Picture a supranational potentate of the American Hemispheric Union headquartered in Guadalajara and an American president pleading on bended knee to this grand Poobah for the right of the U.S. to say how many people and of what qualifications can immigrate to our shores yearly.
If what you imagine is Mr. Trump’s immigration appeals to a Congress not wearing its hearing aids, you really are paying attention.
On sovereignty, Mr. Cameron wrote that he wants to “end Britain’s obligation to work towards an ever-closer union” with Brussels.
“We also need,” Mr. Cameron pleads, “tougher and longer re-entry bans for fraudsters and people who collude in sham marriages.” He laments that “it is easier for an EU citizen to bring a non-EU spouse to Britain than it is for a British citizen to do the same.

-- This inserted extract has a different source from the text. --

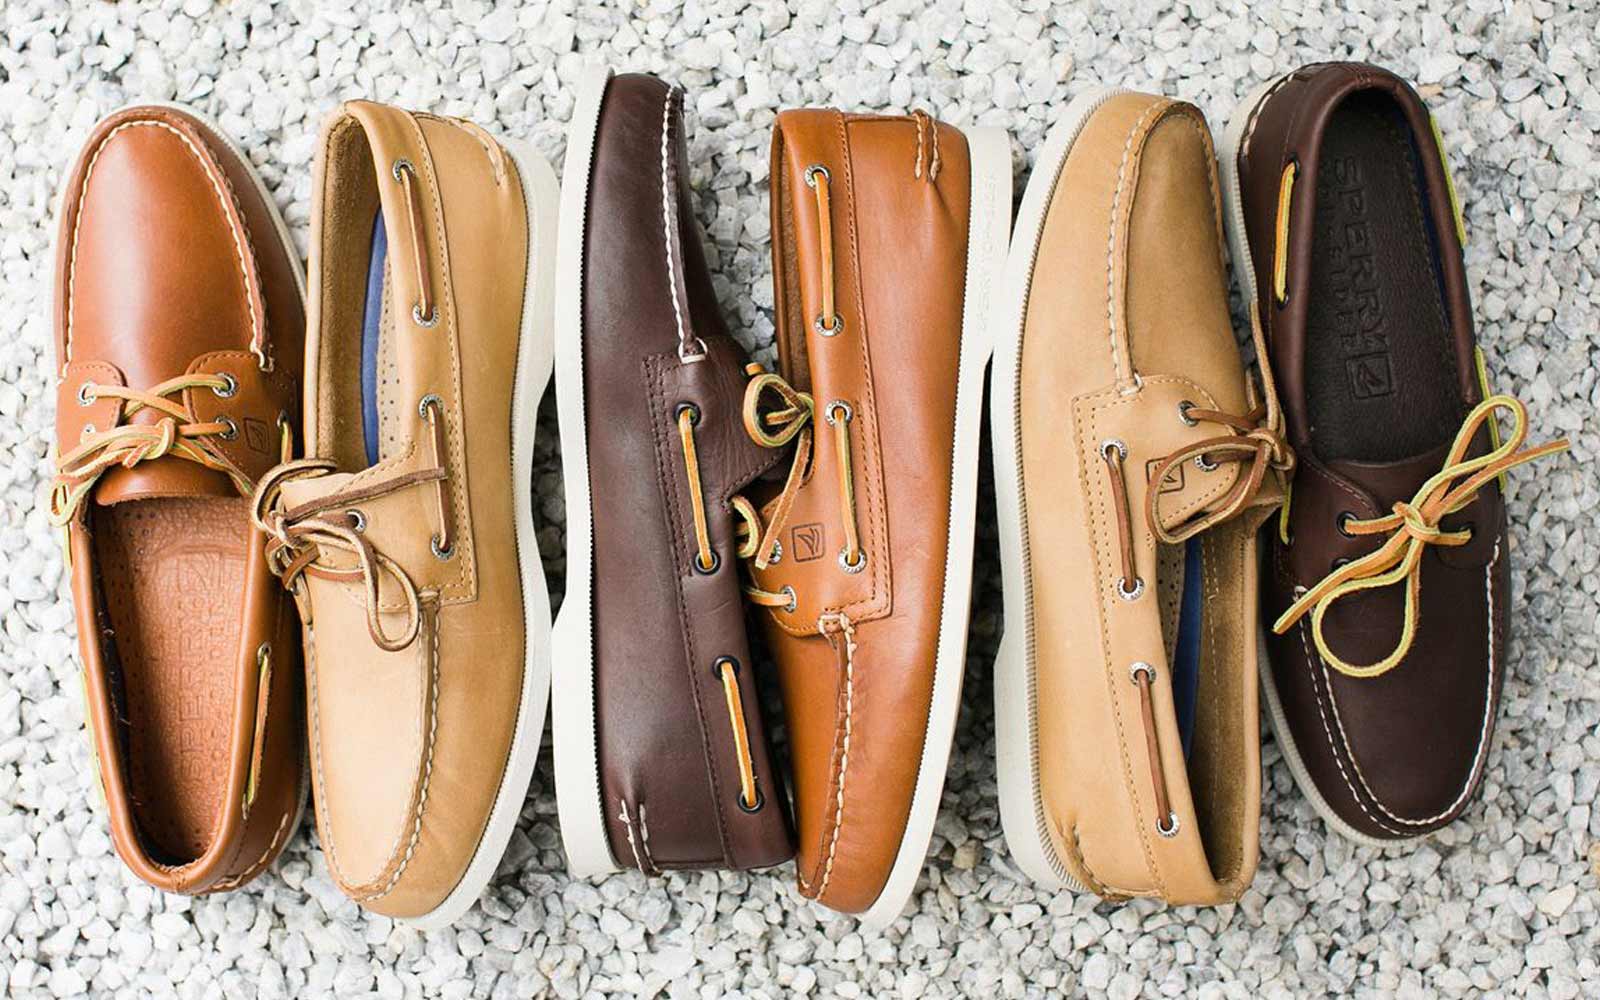 Various boat shoes
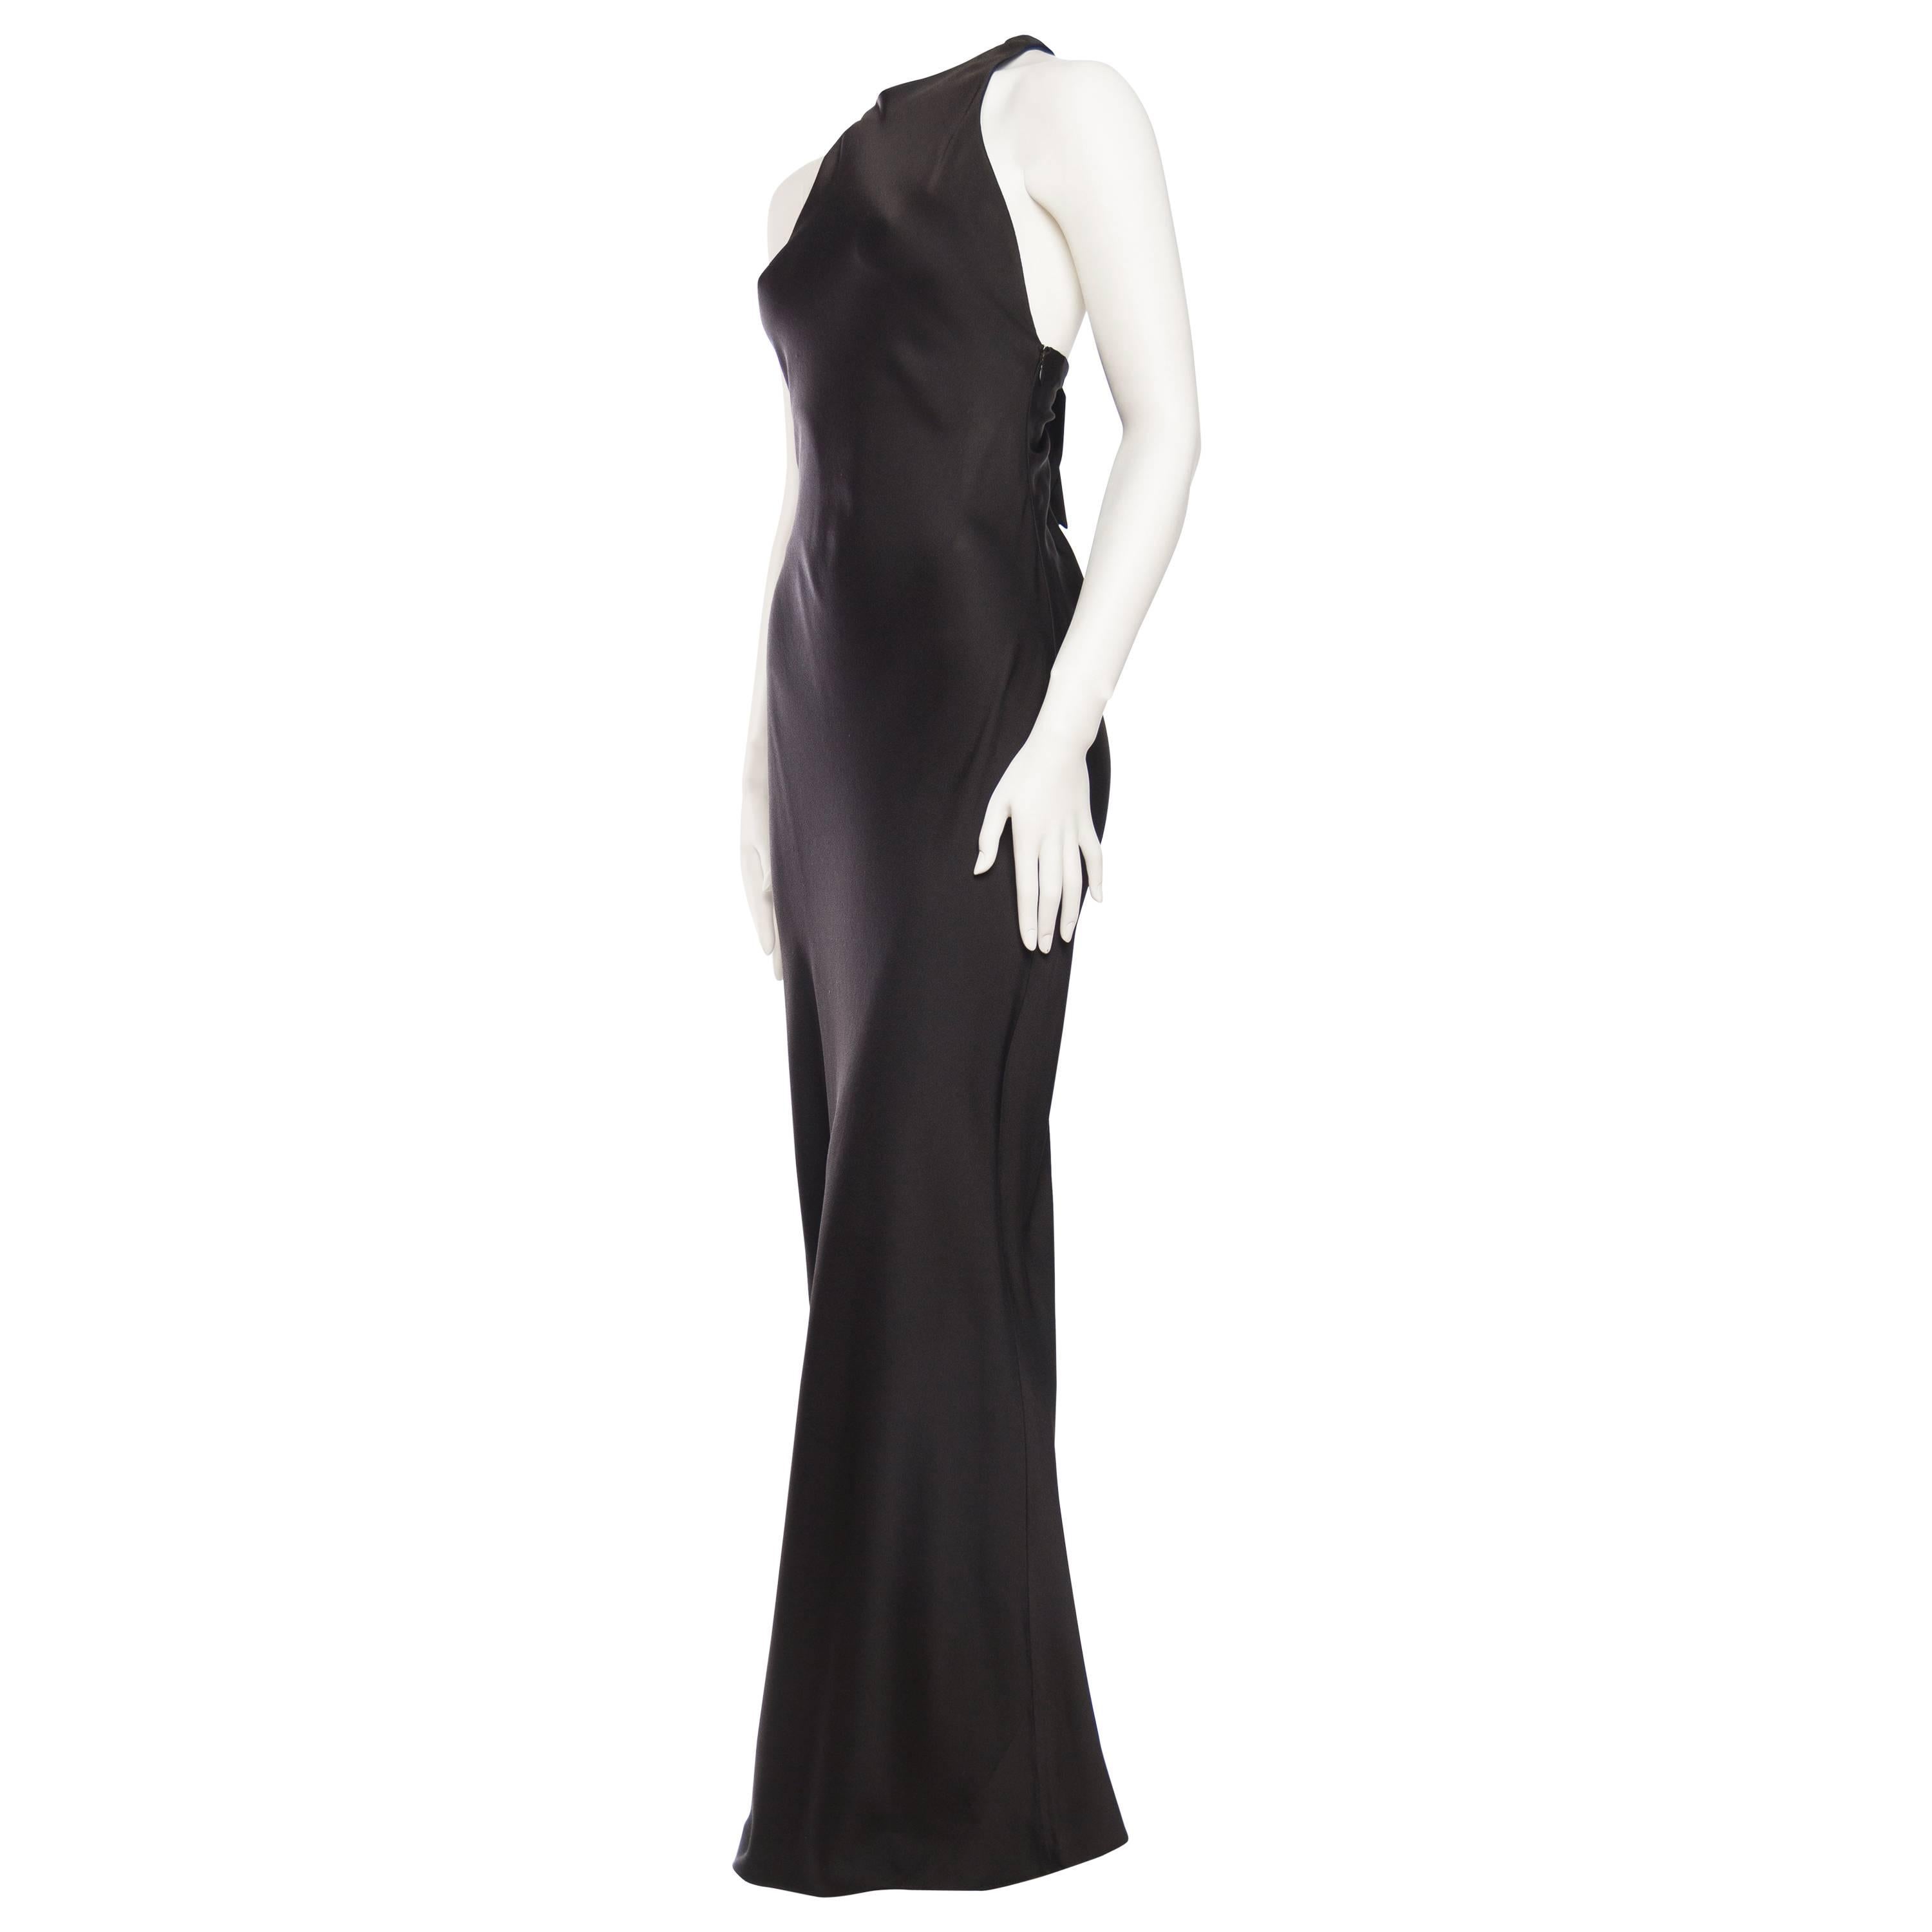 Yves Saint Laurent Bias Cut Gown with Cut-out Back.

Much of the globalist Mr. Cameron’s statements on immigration and sovereignty are surprisingly persuasive nationalist arguments. If that makes you long all the more to join Nigel Farage and Boris Johnson for some libations and nationalism tonight — and reminds you of Mr. Trump’s proposed immigration redo — you get an “A” for attentiveness and a lifetime exclusion from the EU and the American Hemispheric Union, should one ever be proposed.
It will be. The U.S. is awash in globalists.